Grief is about letting go, not feeling sorry for oneself. It is about acknowledging and owning what has happened, not suppressing, or denying it. I lost the ability to garden, go bushwalking, perform home maintenance tasks and a bunch of other things that were integral parts of my normal. I am reminded constantly of that loss, not because I dwell on it, but because the garden still needs tending, as does the house.

But grieving is not just a one-off thing. It can last a lifetime. A friend who lost his son to bone cancer when he was just 17 remembers his death with his daughter each year. And when an experience re-defines you as different from those you were once like the reminders can be constant.

One of my former colleagues became suddenly deaf after being given medication for a condition that had nothing to do with his ears. I spent quite a few hours on the phone with him once he acquired hearing aids that allowed him to use a phone. He was traumatized by his sudden loss of hearing.
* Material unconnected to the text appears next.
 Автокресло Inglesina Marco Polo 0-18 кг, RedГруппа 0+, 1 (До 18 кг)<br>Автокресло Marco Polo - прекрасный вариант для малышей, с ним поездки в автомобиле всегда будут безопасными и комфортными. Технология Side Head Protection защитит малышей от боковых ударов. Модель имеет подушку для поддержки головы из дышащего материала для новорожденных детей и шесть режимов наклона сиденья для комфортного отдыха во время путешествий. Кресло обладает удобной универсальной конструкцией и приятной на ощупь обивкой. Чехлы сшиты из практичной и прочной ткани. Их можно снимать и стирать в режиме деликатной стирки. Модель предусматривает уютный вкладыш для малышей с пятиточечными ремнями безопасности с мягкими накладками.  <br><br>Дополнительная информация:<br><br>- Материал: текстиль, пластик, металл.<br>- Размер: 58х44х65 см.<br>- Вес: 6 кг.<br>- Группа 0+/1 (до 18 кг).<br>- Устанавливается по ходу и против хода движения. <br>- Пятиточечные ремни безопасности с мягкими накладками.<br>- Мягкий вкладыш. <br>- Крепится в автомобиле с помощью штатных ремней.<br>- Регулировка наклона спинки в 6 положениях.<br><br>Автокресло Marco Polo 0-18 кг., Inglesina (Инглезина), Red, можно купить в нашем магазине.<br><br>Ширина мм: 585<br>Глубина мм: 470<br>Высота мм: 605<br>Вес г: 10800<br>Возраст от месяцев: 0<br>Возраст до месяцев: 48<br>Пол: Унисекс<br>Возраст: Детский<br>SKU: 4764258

Nobody had spoken to him about the sudden loss or let him speak about his experience. In 2019 he spoke at a seminar on disability awareness held for regional staff members. He talked about what felt like to become deaf, and the struggle of adjusting.
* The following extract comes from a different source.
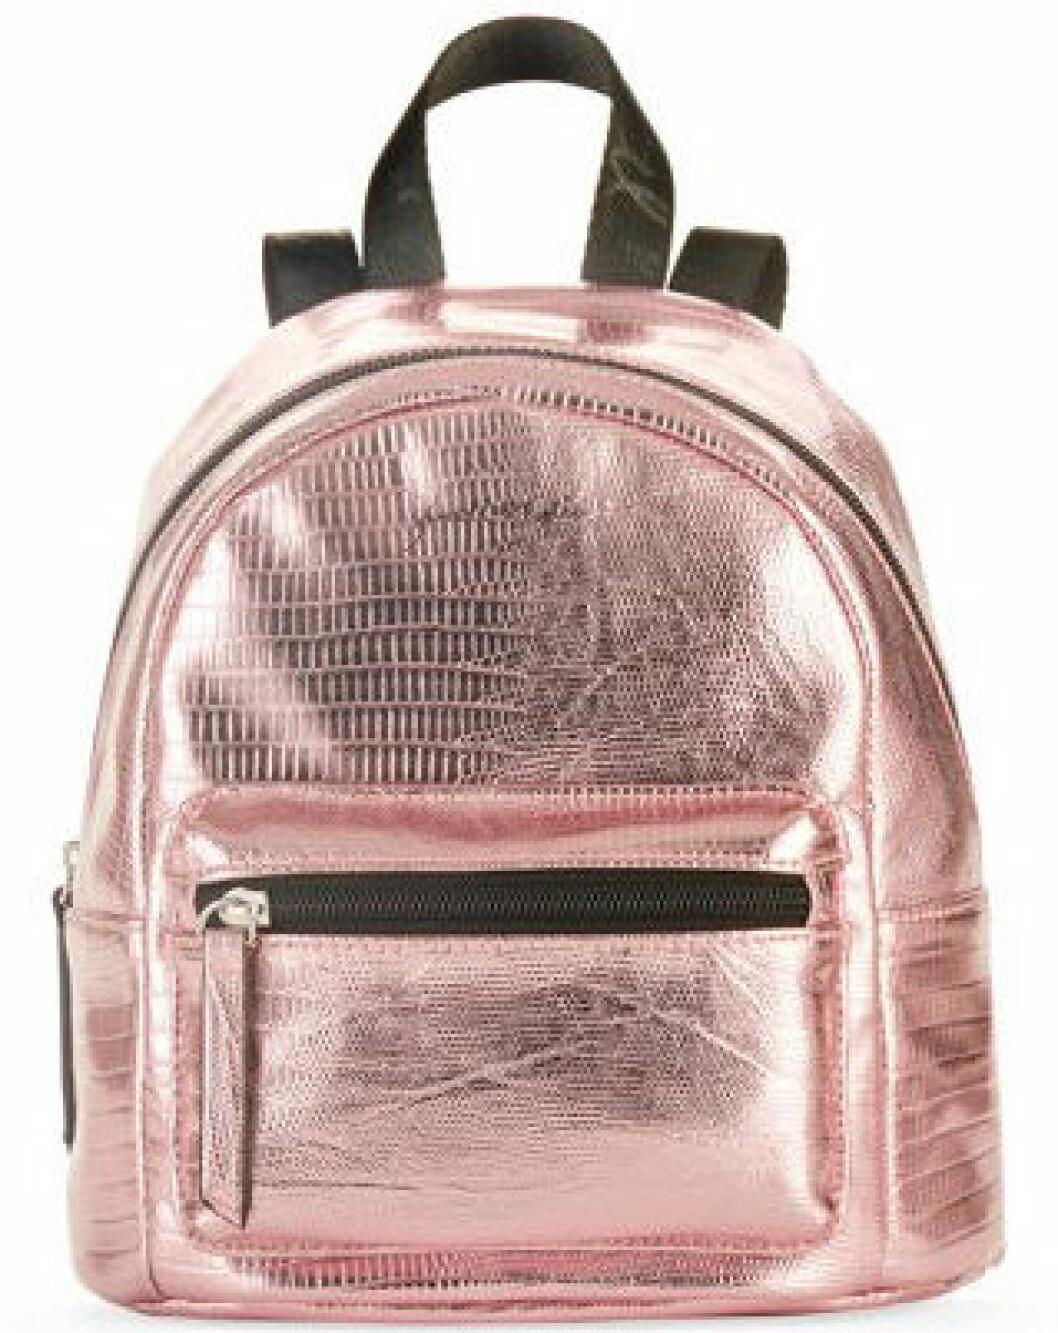 En bild på en ryggsäck i rosa metallic från Kendall och Kylie Jenners väskkollektion för Walmart.

I saw him change – from being angry to being an advocate. He was angry because he had become deaf. He was frustrated nobody he worked with understood that. Rather than giving empathy they were remote. They didn’t understand – how could they. He didn’t understand but was expected to do so. He was expected to be ‘heroic’, but that was a role imposed – as it always is. And we assume heroes don’t grieve, they ‘suck it up’.

Courage and determination aren’t exceptional

I constantly remind myself of Claire Cunningham’s observation that disability is just part of the spectrum of being human. People quietly experience and endure shocking and painful experiences – and we adapt mostly – though in ways that are not always ideal. 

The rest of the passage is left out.